You were talking about the “cool factor”... On that tip, I think the biggest effect that the new packaging will have is to dramatically increase the sale of cigarette cases.  So, invest now!!!

Comment #42: DPM  on  06/23  at  12:07 PM

Judi @2: at least 4 of those 5 heaviest smoking states are also traditional tabacco producers.  That has to have an effect on rates, too.

Comment #43: helen w. h.  on  06/23  at  12:10 PM

I don’t doubt that tobacco-producing states are less likely to restrict it’s use, and tax the product.

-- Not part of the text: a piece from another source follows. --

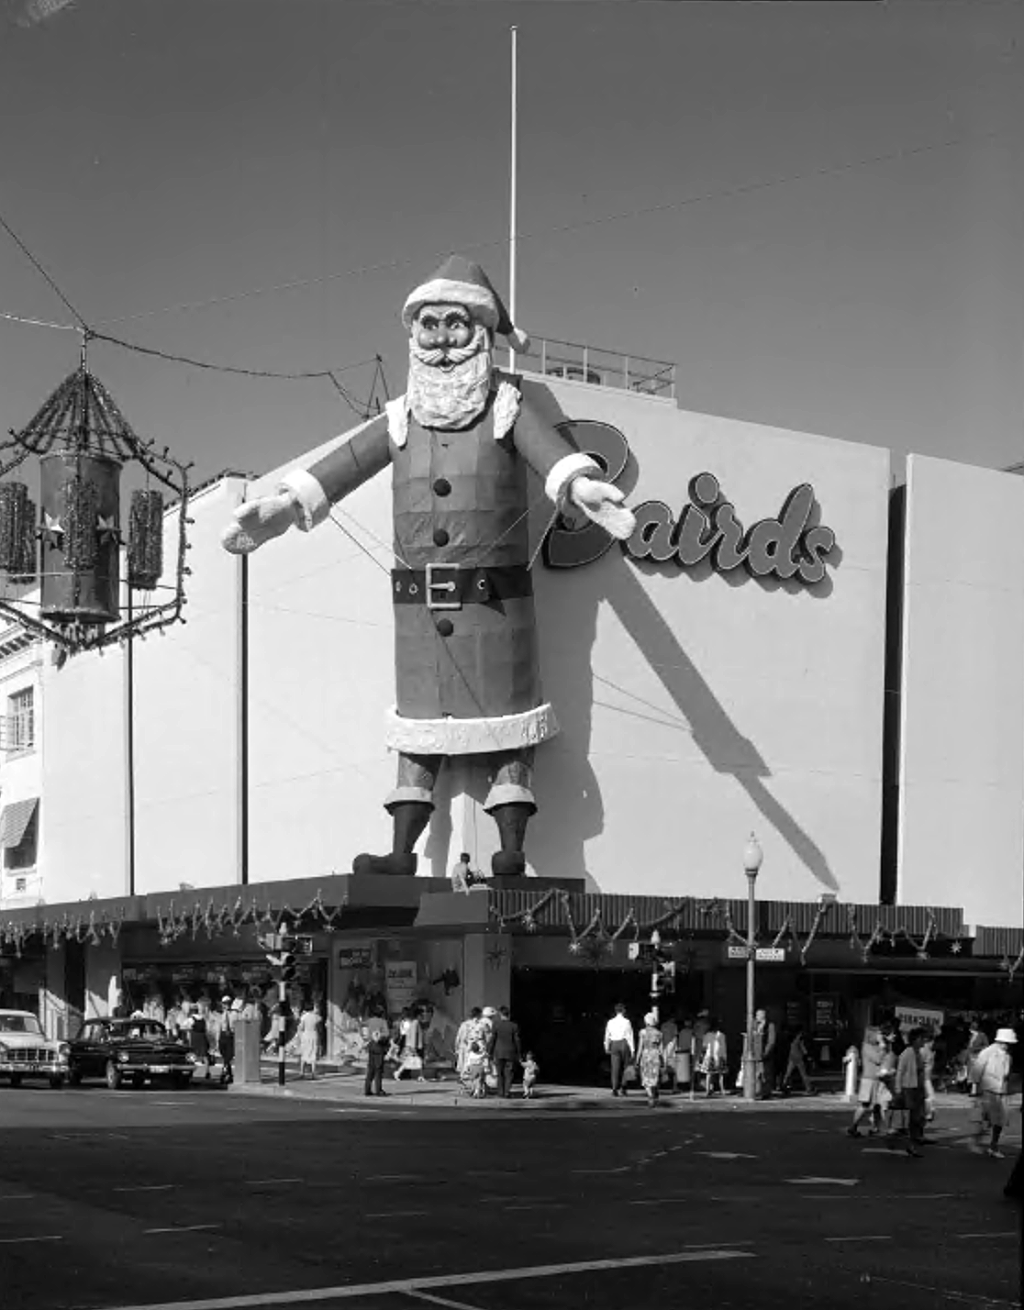 Perth Vintage Christmas Decorations, Santa, Bairds, 1964

Again, it seems that the combination of factors cut down the rate of use: including raising costs, educating on effects and restricting where smoking can occur.

Luckily, I live in California (and Santa Monica) where that combo has worked to produce some of the lowest rates of smoking in the nation.

Get to (politely) warn tourists every week or so that they’ll get ticketed on our outdoor mall, unless they take their lit ciggies around the corner.

Can only hope they take the lesson home.

 

Comment #44: judybrowni  on  06/23  at  01:14 PM

Quitting smoking is hard for most people. I sympathize, I really do. But it was really easy for me to do. For whatever reason I just never got the insane craving. But for all you people who keep claiming it is the hardest addiction to break, give your head a shake. However hard it is/was for you, it is nothing like trying to get off of alcohol or heroin. Sure, you got the little voice that hounds you and hounds you and monster cravings but you clearly have no fucking clue what happens to an alcoholic’s body - or worse, a junkie’s body - when they try to quit. They don’t just have psychological cravings and need to find another way to deal with stress and something else to do with their hands—their bodies literally go into meltdown. They have all the psychological addiction issues smokers have, but they also have terrible physical addiction symptoms to deal with. Some junkies actually die from going cold turkey. No smoker ever had it so bad, no matter what stories they tell themselves to forgive themselves for not being able to quit. This myth that “nicotine is the worst habit to try to break” needs to die yesterday.

[Full disclosure: Worked in drug and alcohol rehab center.]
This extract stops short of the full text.